After graduating, Wáng became acquainted with Cài Yuánpéi 蔡元培, with whom he participated in a variety of activities, including establishing the Chinese Education Association (Zhōnghuá jiàoyù huì 中華教育會) just after the turn of the century. Other founding members included Wú Zhìhuī 吳稚暉 and Jiǎng Wéiqiáo 蔣維喬. In 1903, Wáng, Cài, Jiǎng, and others founded the ultimately short-lived radical political journal, Èshì jǐngwén 俄事警聞 (Russian Affairs Bulletin).[1] During the busy first years of the 20th century that Wáng became a devout Buddhist. In the early 1900s he attended a lecture given by Yáng Wénhuì 楊文會, and began to have faith in Buddhism.[2]
In 1909, Wáng was sent to England as an official in the Qing government’s office for overseeing Chinese students in Europe. While in England he trained at various electronics factories, including the Siemens Brothers' Dynamo Factory. While there, Wáng invented a new kind of automatic electric switch. He also became the first Chinese scientist to publish in a European science magazine, when his article, “The Differentiation of Quaternion Functions” appeared in the Proceedings of the Royal Irish Academy in 1911.
Wáng returned to China after 1912, where he worked in industry for nearly two decades. In July 1928, he was appointed one of the first researchers in the Research Institute of Engineering of the newly formed Academia Sinica (Zhōngyāng yánjiù yuàn 中央研究院). He retired from there in 1933, buying a house in Sūzhōu.
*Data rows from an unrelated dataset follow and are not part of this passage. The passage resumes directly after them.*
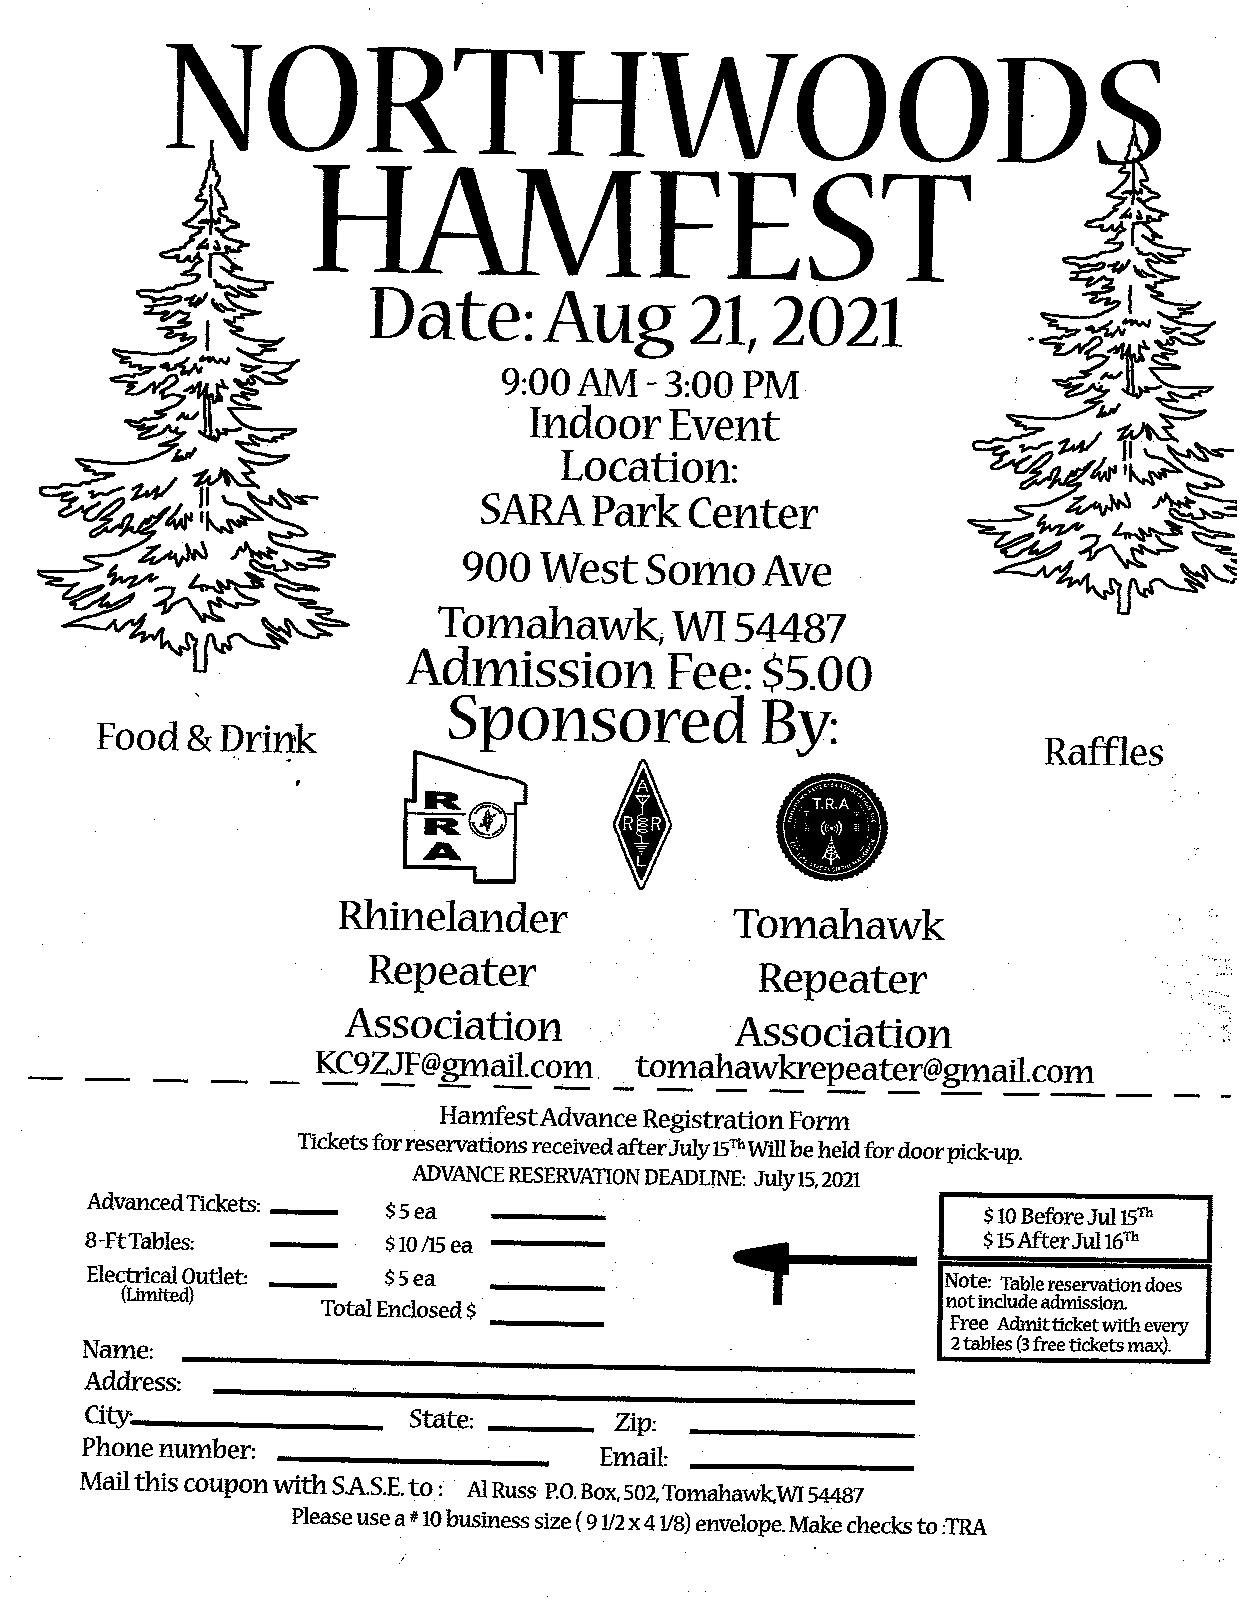 Northwoods Hamfest.jpg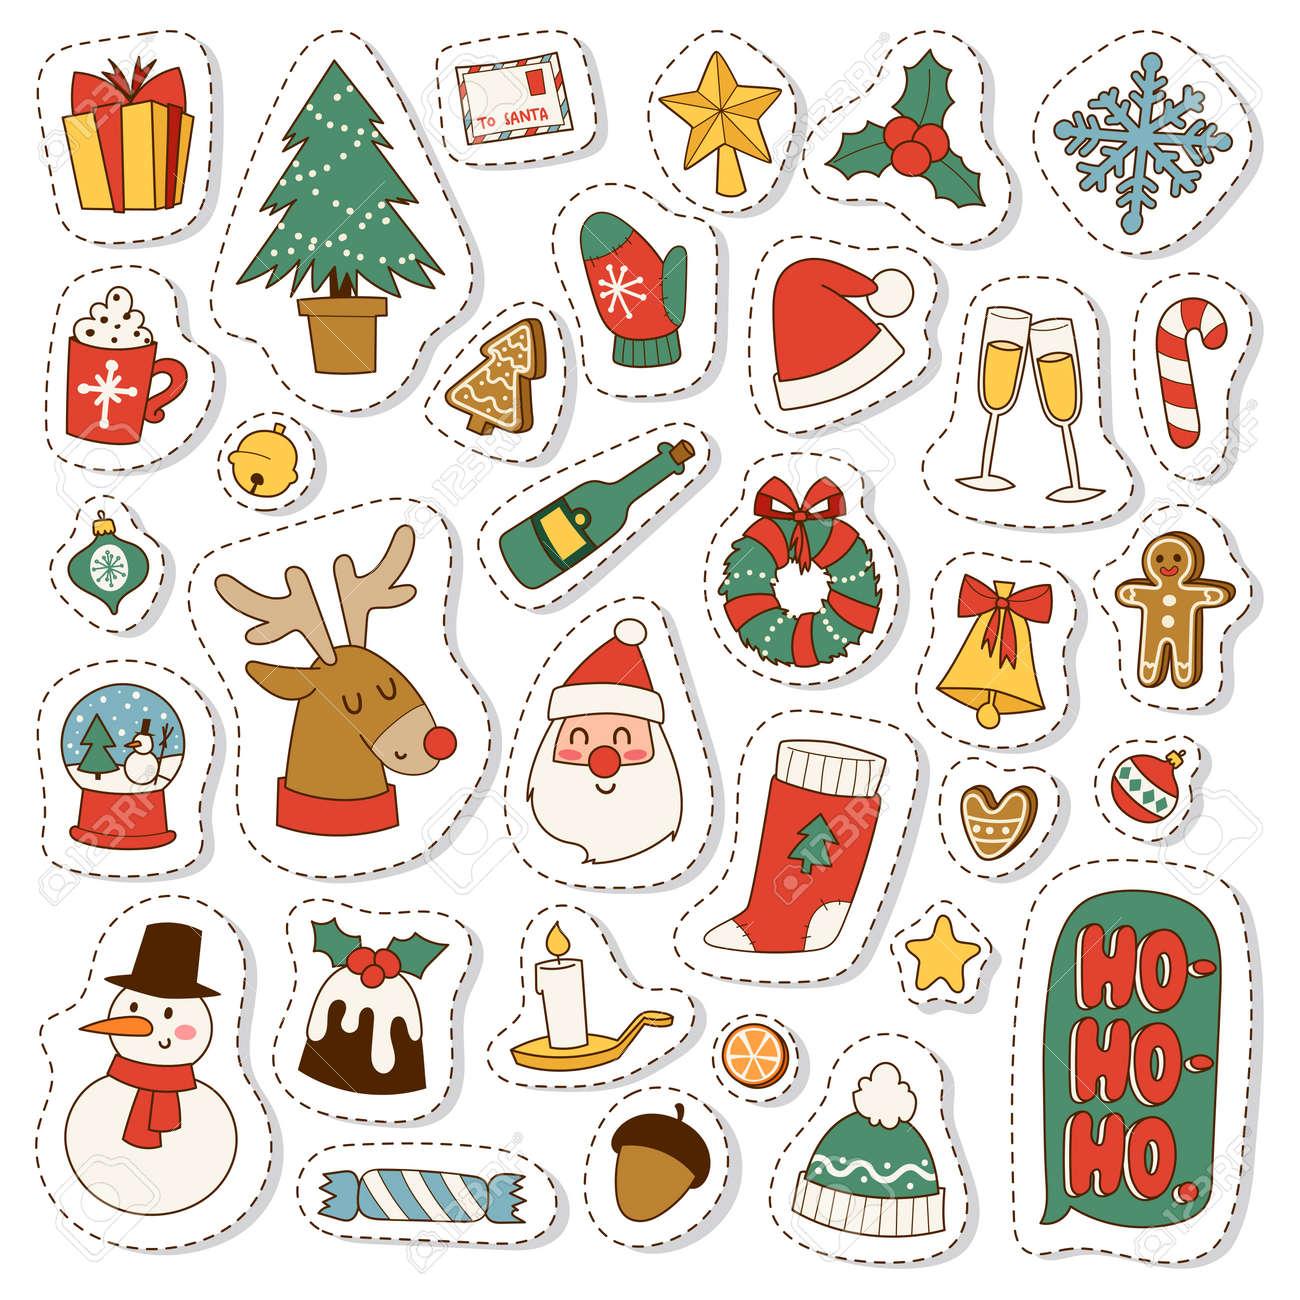 Christmas greeting card symbols vector winter celebration design christmas greeting card symbols vector winter celebration design merry christmas symbols holidays winter decoration ornament biocorpaavc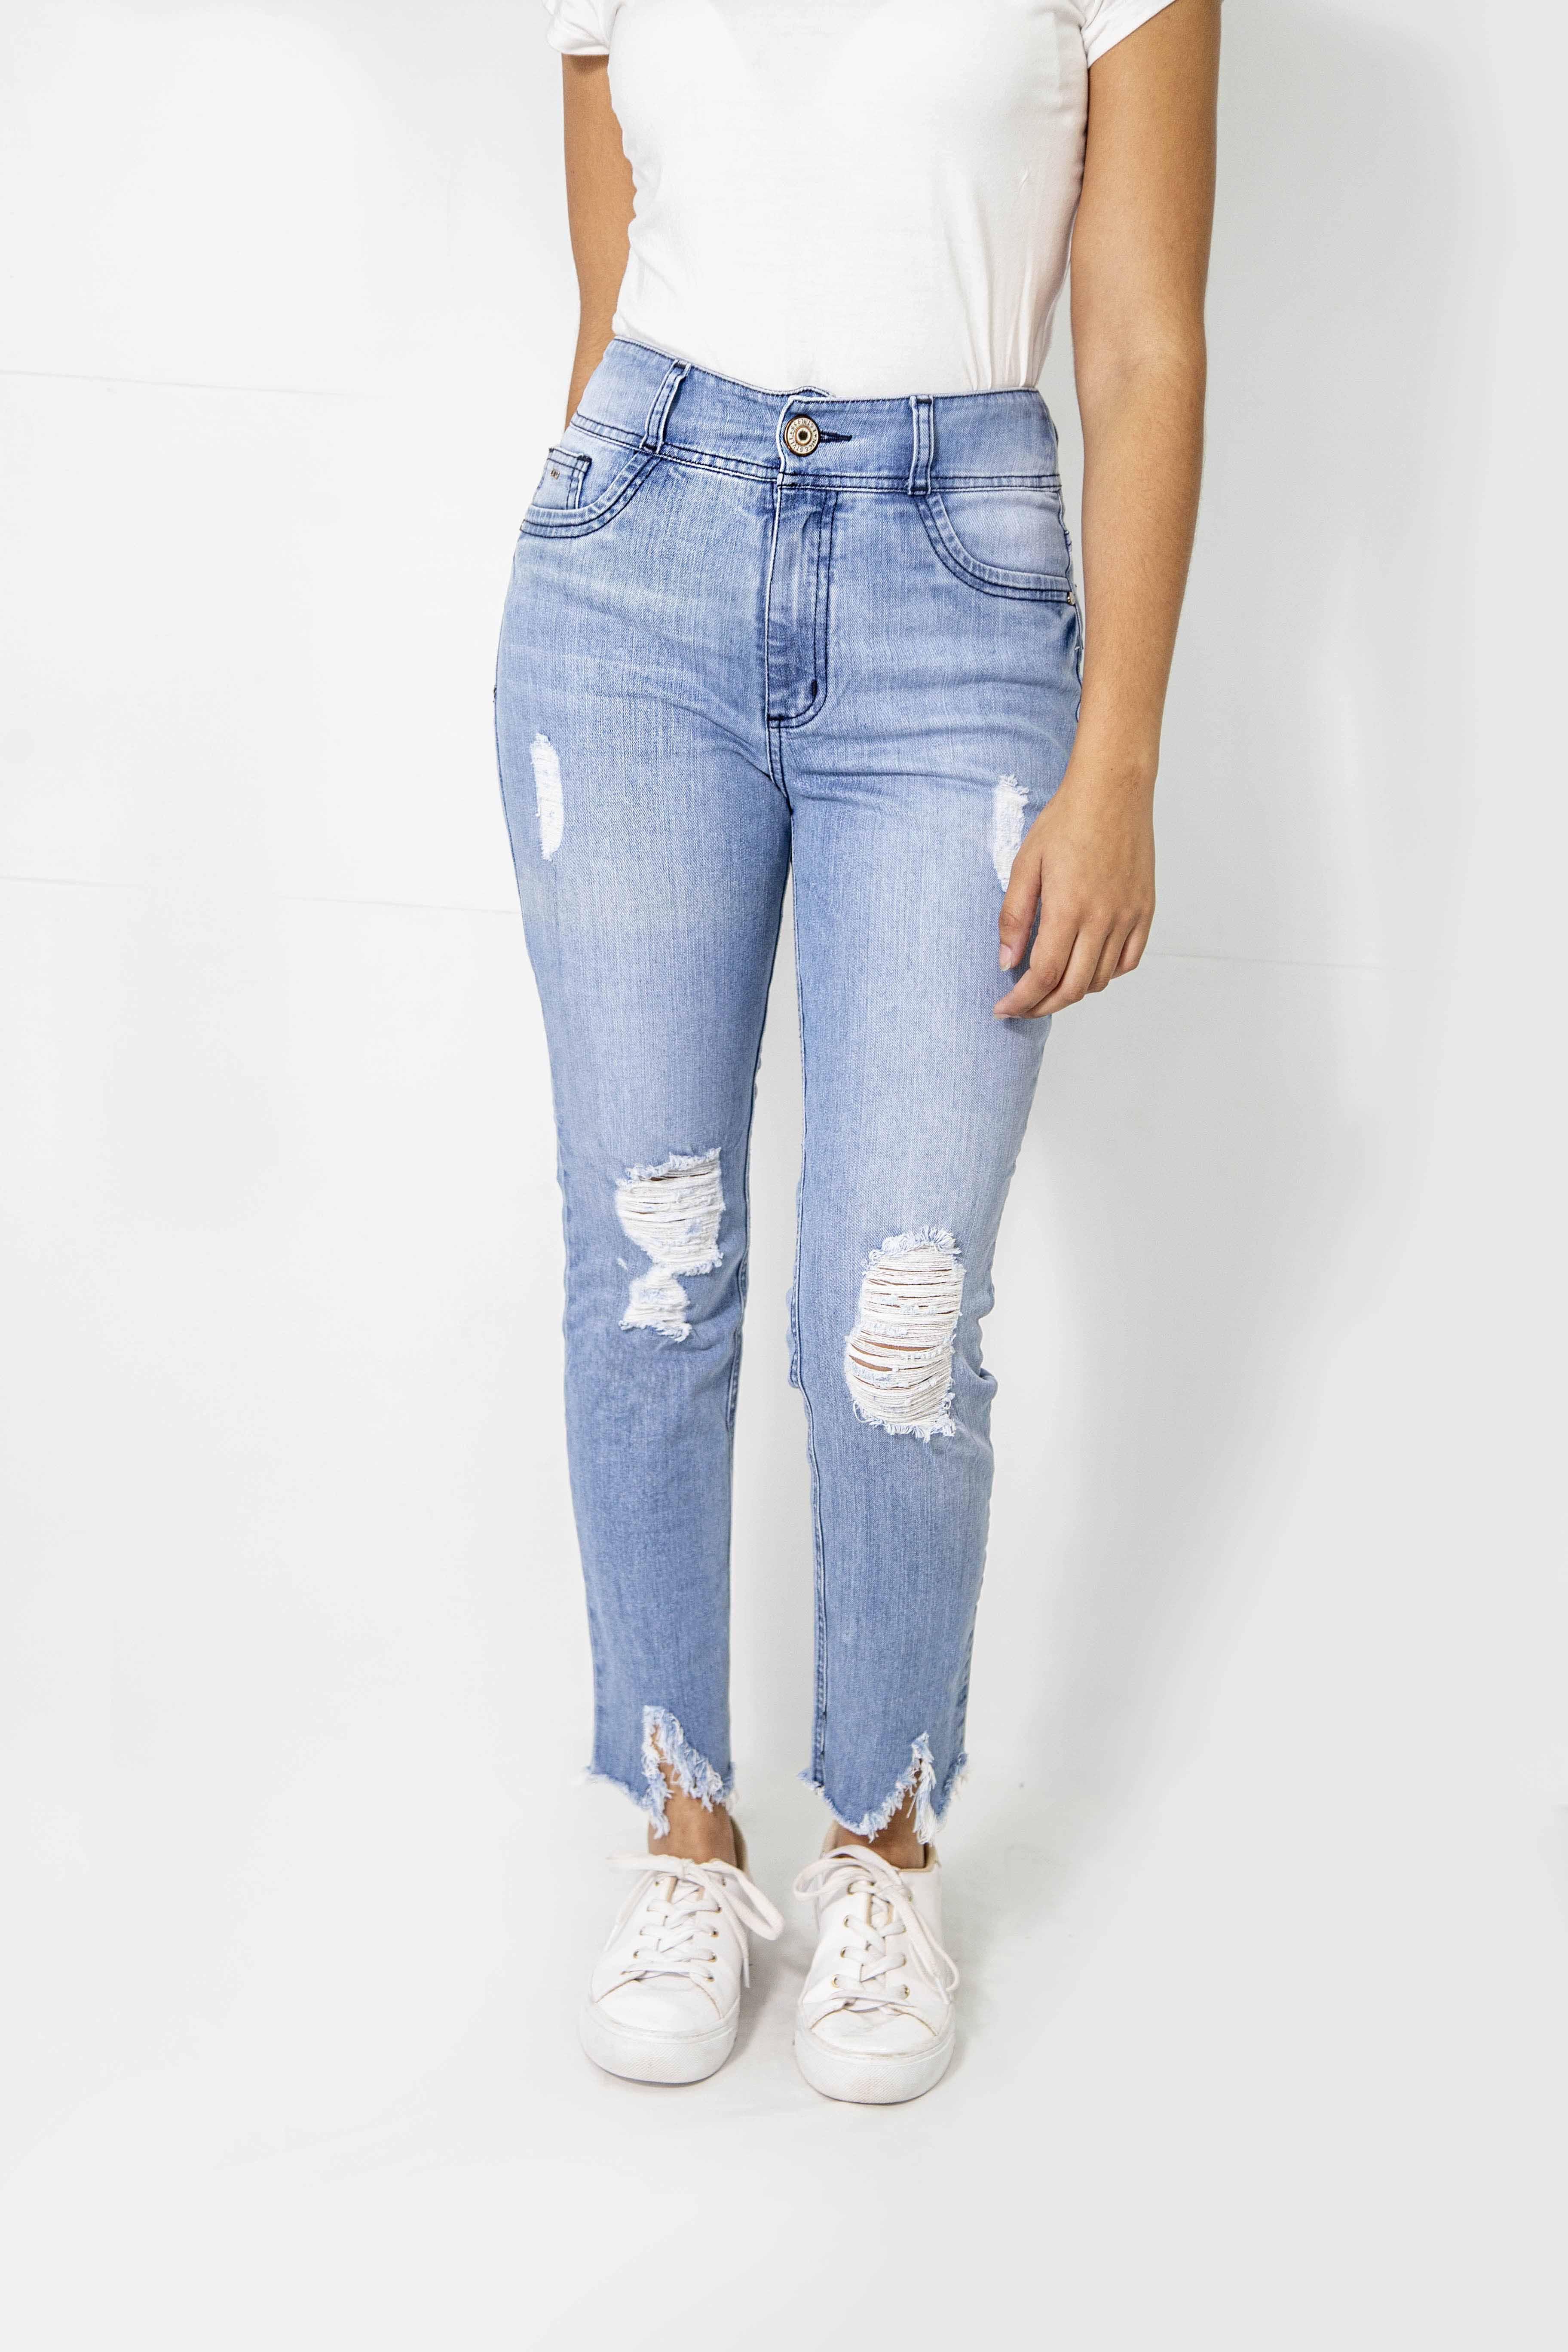 Cropped Dama Jeans Elast. Cod. 1190114

In the late 1920s he began writing articles about Buddhism and its relationship to science. In these articles, he relied heavily on Consciousness-Only 唯識 and the comparative use of Western and classical Buddhist logic 因明. His most important works were Fófǎ yǔ kēxuézhī bǐjiào yánjiù 佛法與科學之比較研究 (Comparative study of the Buddha-dharma and Science), a collection of essays, letters, and critiques published in 1932; and Fófǎ shěngyào 佛法省要 (Brief Essentials of the Buddha-dharma), published in 1942. In his later years he also began to write semi-critically of Marxism, which is a clear theme in his Fófǎ shěngyào.